My advocate says DID is like having PTSD on steroids...and he is 100 percent correct.
Smells, sounds, music, anything can trigger a PTSD attack, if it is in conjunction to a specific horrifying event of the past. I have so many triggers, and I feel like most of the time I am walking on egg shells trying not to destroy my fragile new life.
I do not know if PTSD is curable...DID is not...therapy medications and such can help with managing the complications of PTSD and DID, but it does not cure a person. It just gives us sufferers tools to work with in managing PTSD events.
My heart goes out to soldiers and others with truamatic PTSD...I understand it now, I understand the fear, the absolute fear of something happening, going to happen, can't stop it, happening now in real time...when in actuality, it is not real time, but a flashback in your mind...you are there in that place and time...you cannot control that...it is not actual reality of a situation, but in your mind, it is reality and you body reacts in kind. You have no control over this.
As I am coming to terms with my abuse, with the events that established my PTSD, and working through those, the PTSD attacks are becoming fewer and fewer. My alters are realizing that now I am in a safe place with an advocate that believes me and in me, and is supportive and does not doubt me.
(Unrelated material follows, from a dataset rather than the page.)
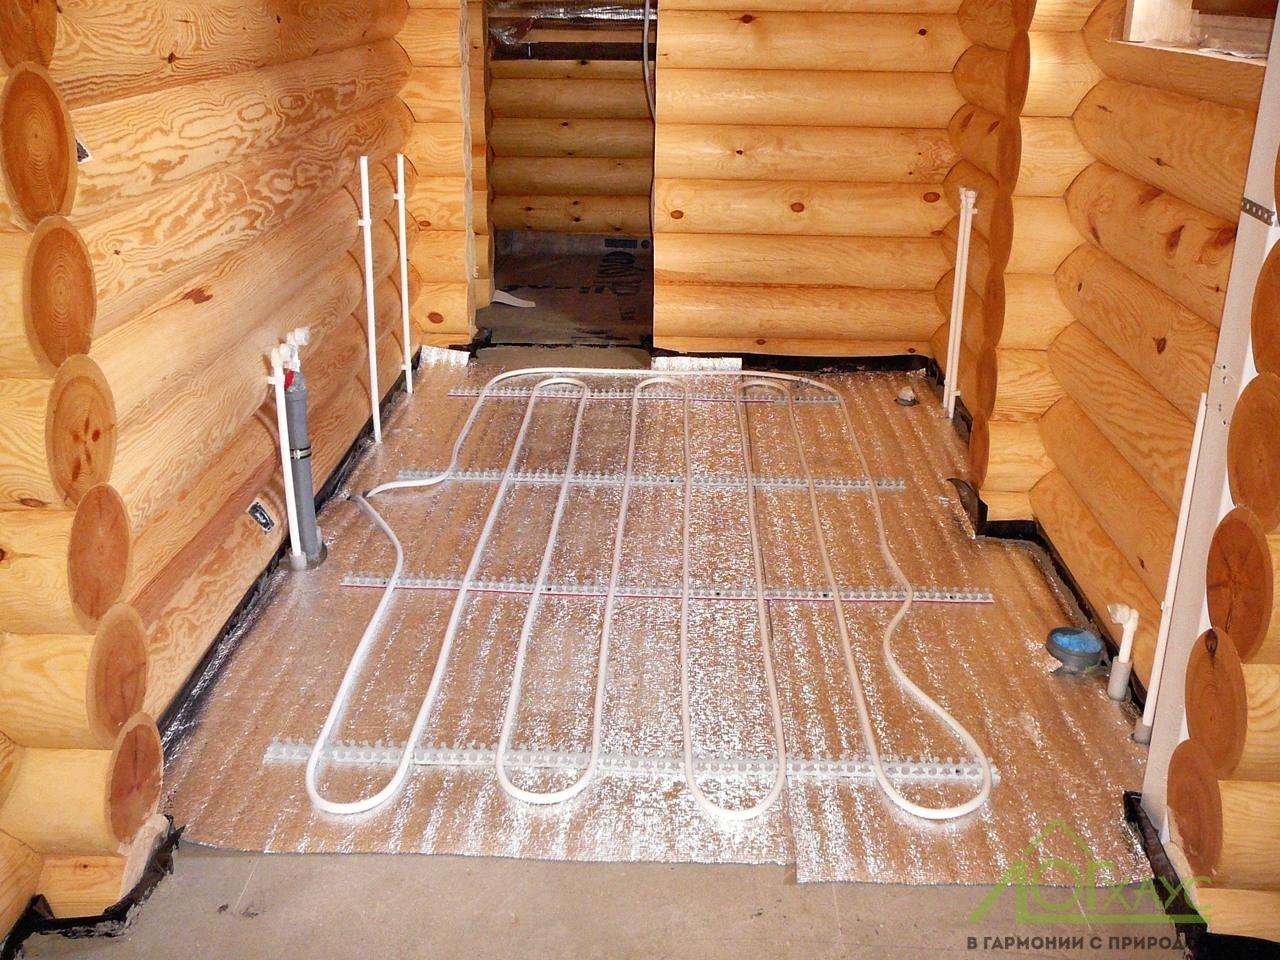 Монтаж теплого пола в загородном доме из бревна

People with PTSD need an advocate like that, someone who can put their own feelings and opinions aside, and embrace you, your feelings, your fears, without judgement or ridicule, or lecture.
That is the best medicine for PTSD and DID, Understanding, patience and compassion. Trusting your memories with someone who won't betray you, call you crazy, make fun of you, or dismiss you, goes a long way towards the healing you need.
PTSD does not get better over time...but it can be managed better over time...the event that caused the PTSD may be over and long gone, but an event with maybe familiar smells, sounds or whatever, may trigger that previous PTSD event. Familiarity or similarities can trigger memories of events...it does not have to be a low flying plane, it could just be a loud crash, but in my head, that loud crash was a plane, and I am paralyzed with fear and in full blown PTSD mode. Only later to find out that loud crash was maybe a dumpster being dumped into a trash truck, or car hitting another car, or a tree crashing to the ground, shaking the ground...all that can trigger my mind into thinking "plane crash...run hide..." its the nature of the beast...the beast of Acute PTSD.